We analyzed data from 86 complex cells in area 17 of 37 adult cats. Of these, three neurons were recorded in penetrations in the area 17/18 border zones, but their tuning properties such as the receptive field size and optimal spatial frequency were close to those of average area 17 cells. Therefore these cells are included in the rest of the analyses. To compare spatial properties between complex cell subunits and simple cell receptive fields, we also analyzed data from 152 simple cells in area 17. Simple and complex cells were classified based on the ratio of the first harmonic amplitude to the mean discharge rate for responses to drifting sinusoidal gratings (Li et al. 2003; Skottun et al. 1991). For complex cells, the spatial structure of subunits and receptive fields were computed through the second-order interaction analysis. As described in the previous section, second-order interaction maps were calculated at a temporal offset (=0) between the reference and neighboring stimuli, i.e., between two simultaneously presented stimuli. To obtain second-order interaction maps with sufficient signal-to-noise ratios, the analysis requires more spikes than the first-order analysis. Thus our sample contained fewer complex cells than simple cells, for which receptive fields were calculated through the first-order analysis. The average numbers of spikes collected during one measurement with the dynamic noise stimuli were 9,867.7 ± 9,221.8 for complex cells and 4,454.2 ± 3,935.0 for simple cells (mean ± SD). The minimum numbers of spikes were 649 and 180 for complex and simple cells, respectively. Likewise, the maxima were 47,115 and 20,017.

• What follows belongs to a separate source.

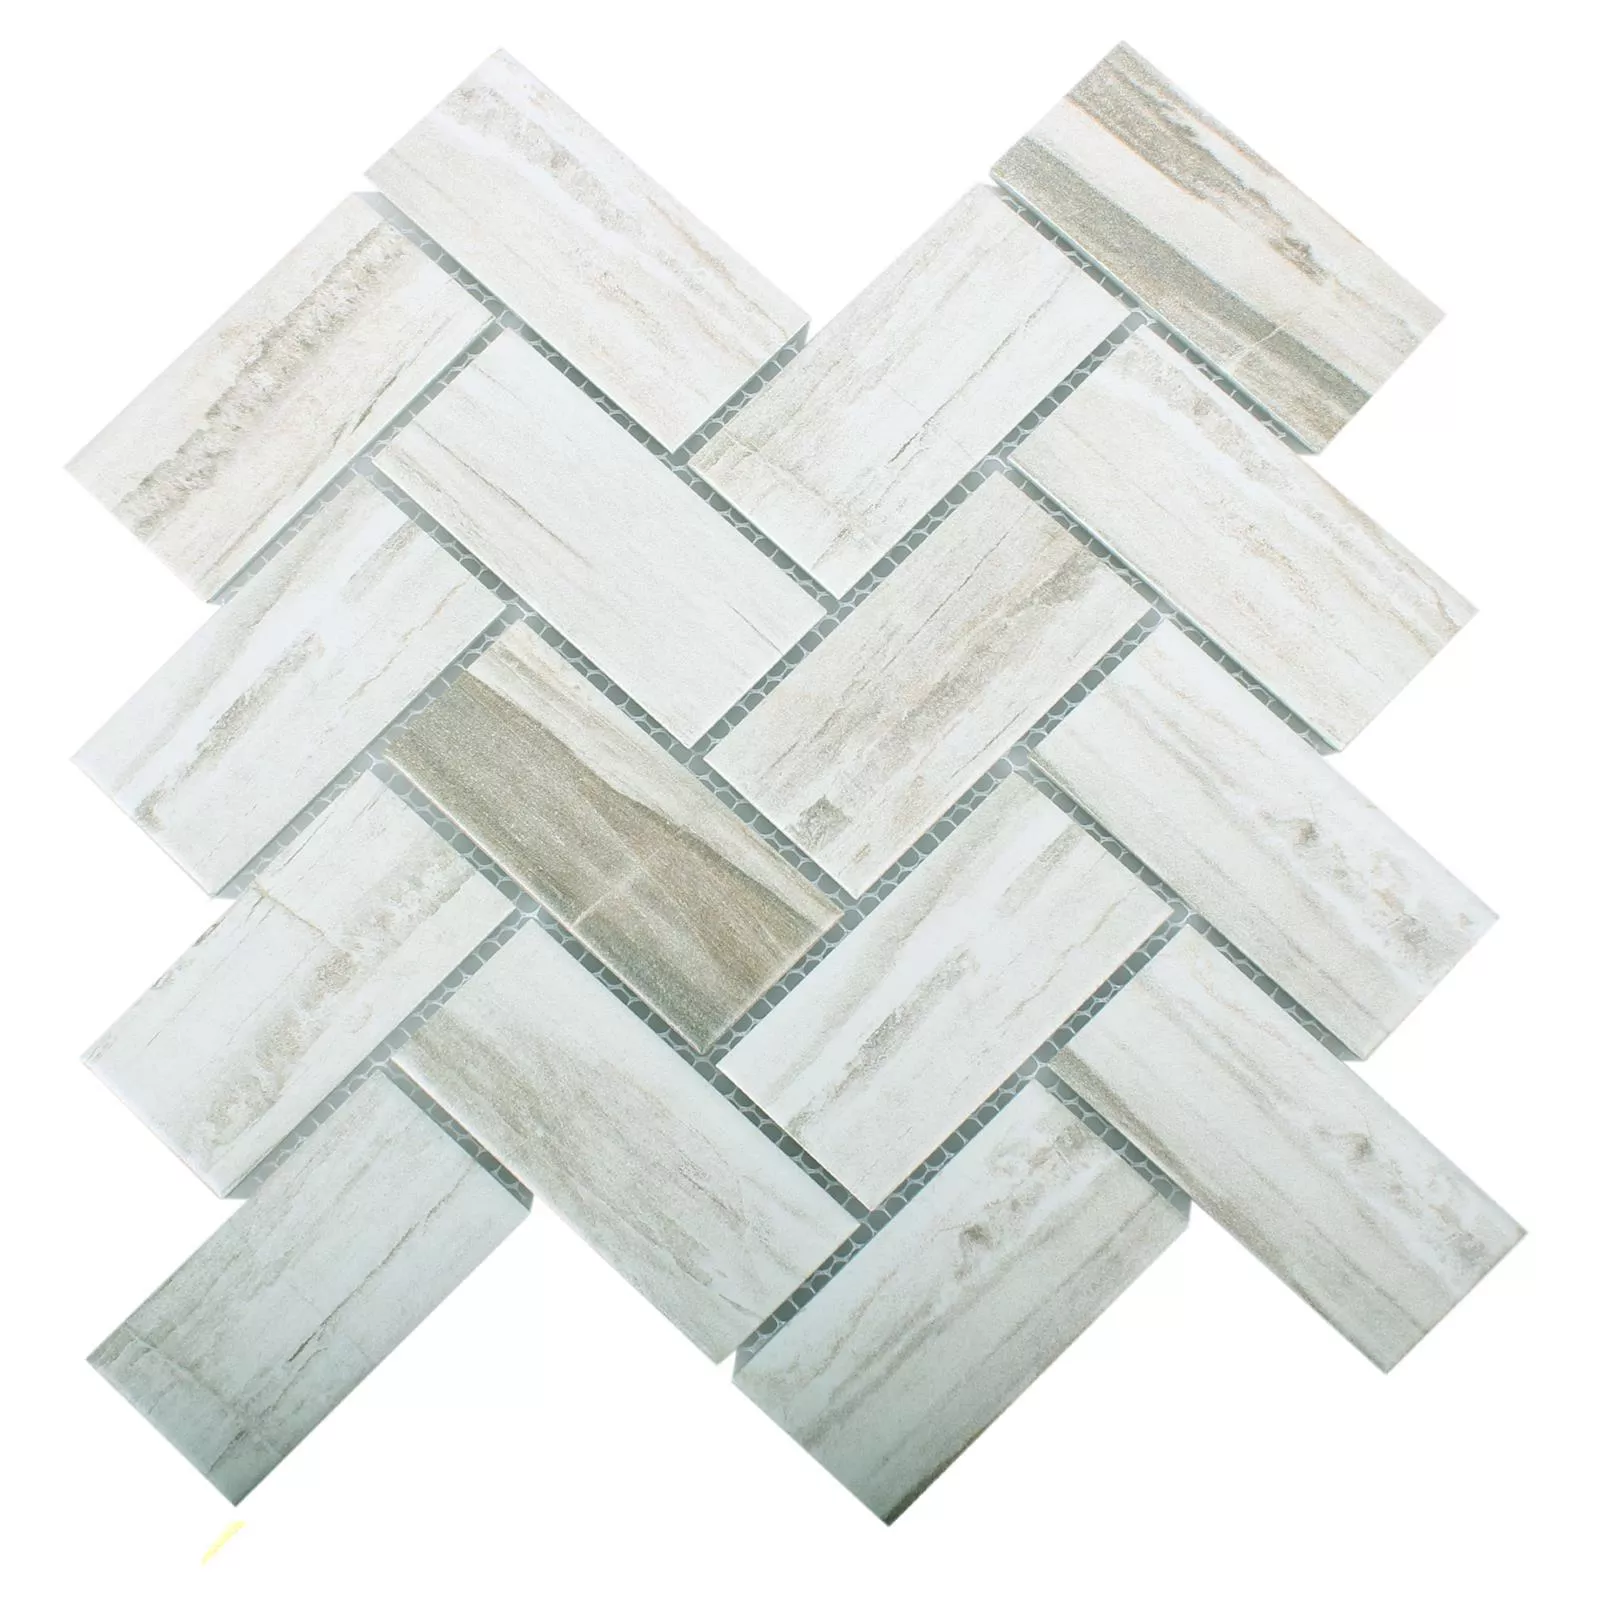 Sample Ceramic Wood Optic Mosaic Tiles Norfolk Fish Bone White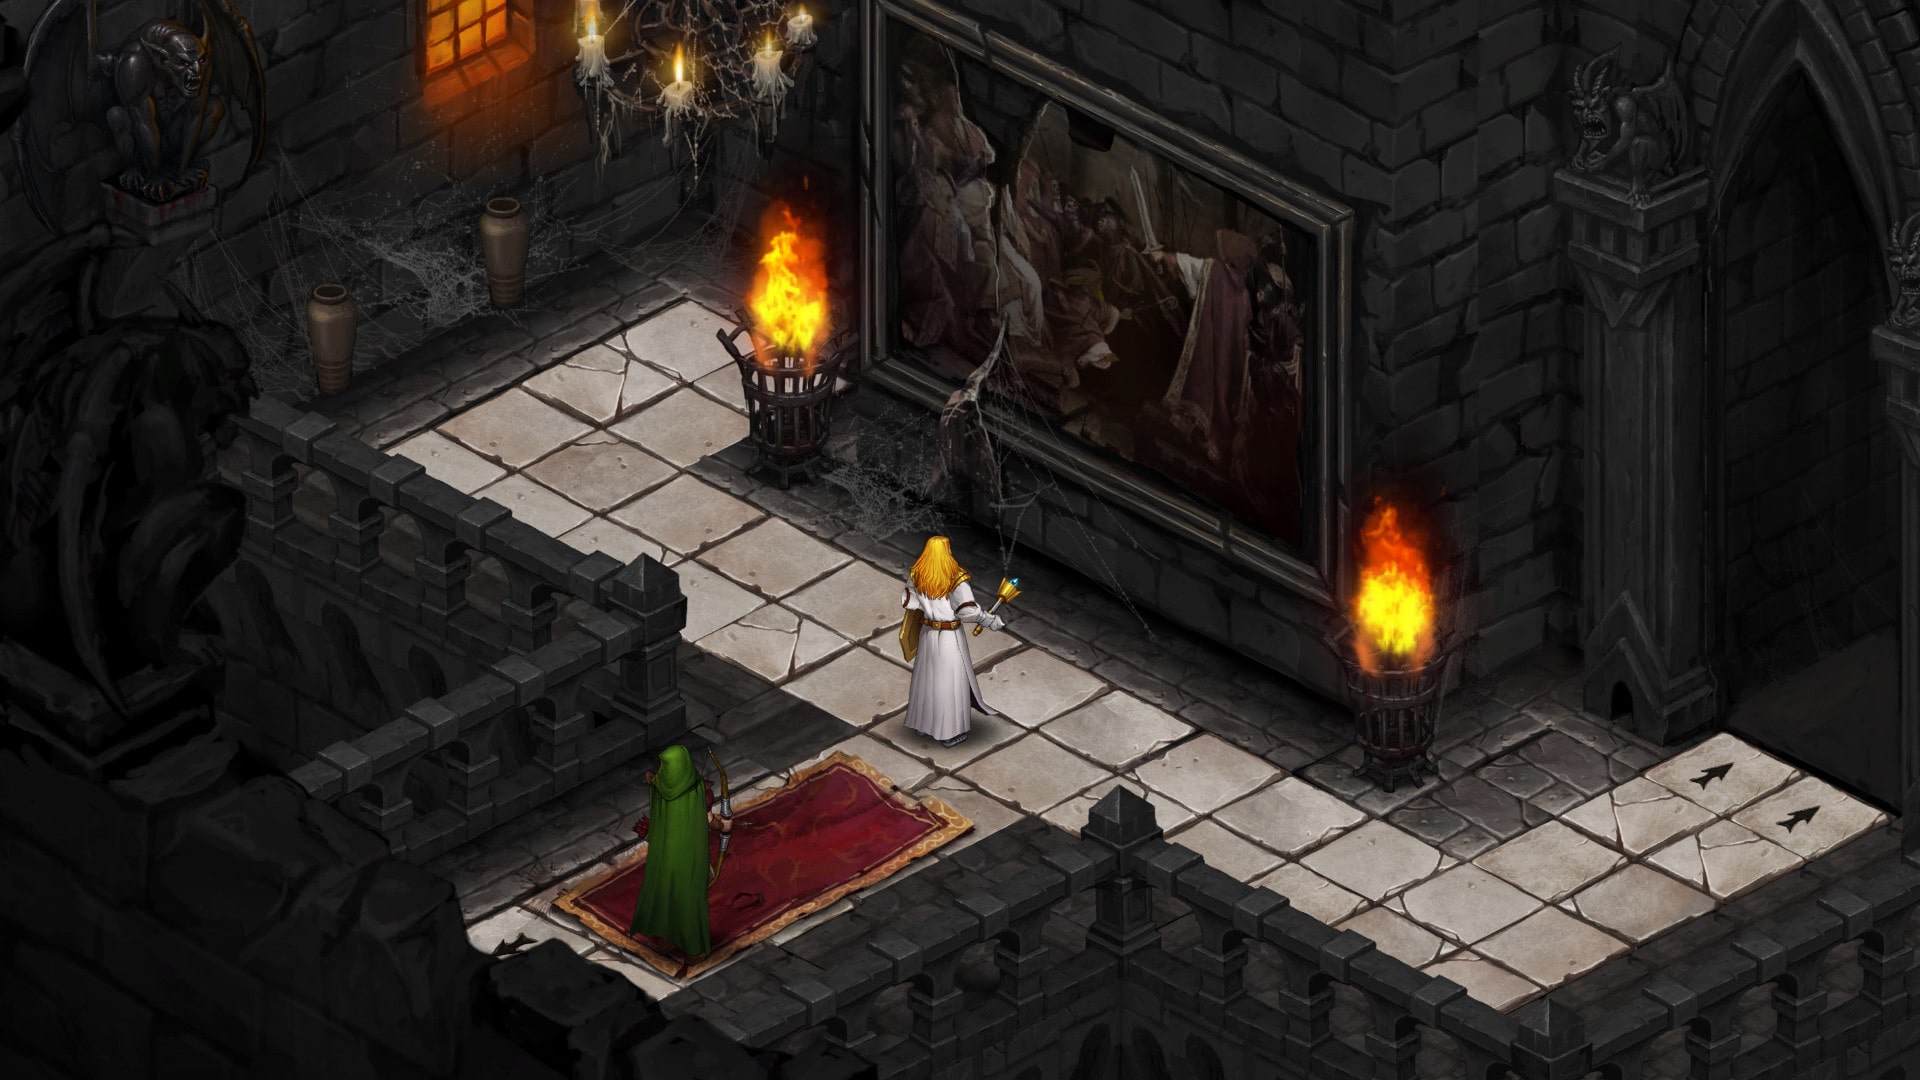 Dark Quest 2 (PC) promete trazer estratégia e dungeons em ótimo

One of the major purposes of this study was to examine spatial pooling of subunits that collectively constitute the receptive fields of single complex cells. To achieve this goal, spatial characteristics were compared between the subunits and the overall receptive fields for individual complex cells. If the hierarchical model of Hubel and Wiesel (1962) is correct (Alonso and Martinez 1998; Martinez and Alonso 2001; but see also Toyama et al. 1981), subunits of a complex cell should closely reflect properties of simple cells contributing inputs to it. Although simple cells in our population were recorded separately from complex cells and do not have direct connection to the complex cells, we were able to compare the two cell types as groups. Specifically, it is worth comparing corresponding parameters between the subunits of complex cells and the receptive fields of simple cells. The simple and complex cells were recorded from the same set of electrode tracks in the same animals using 2D dynamic noise stimuli, although the proportions of cell types varied from one track to another.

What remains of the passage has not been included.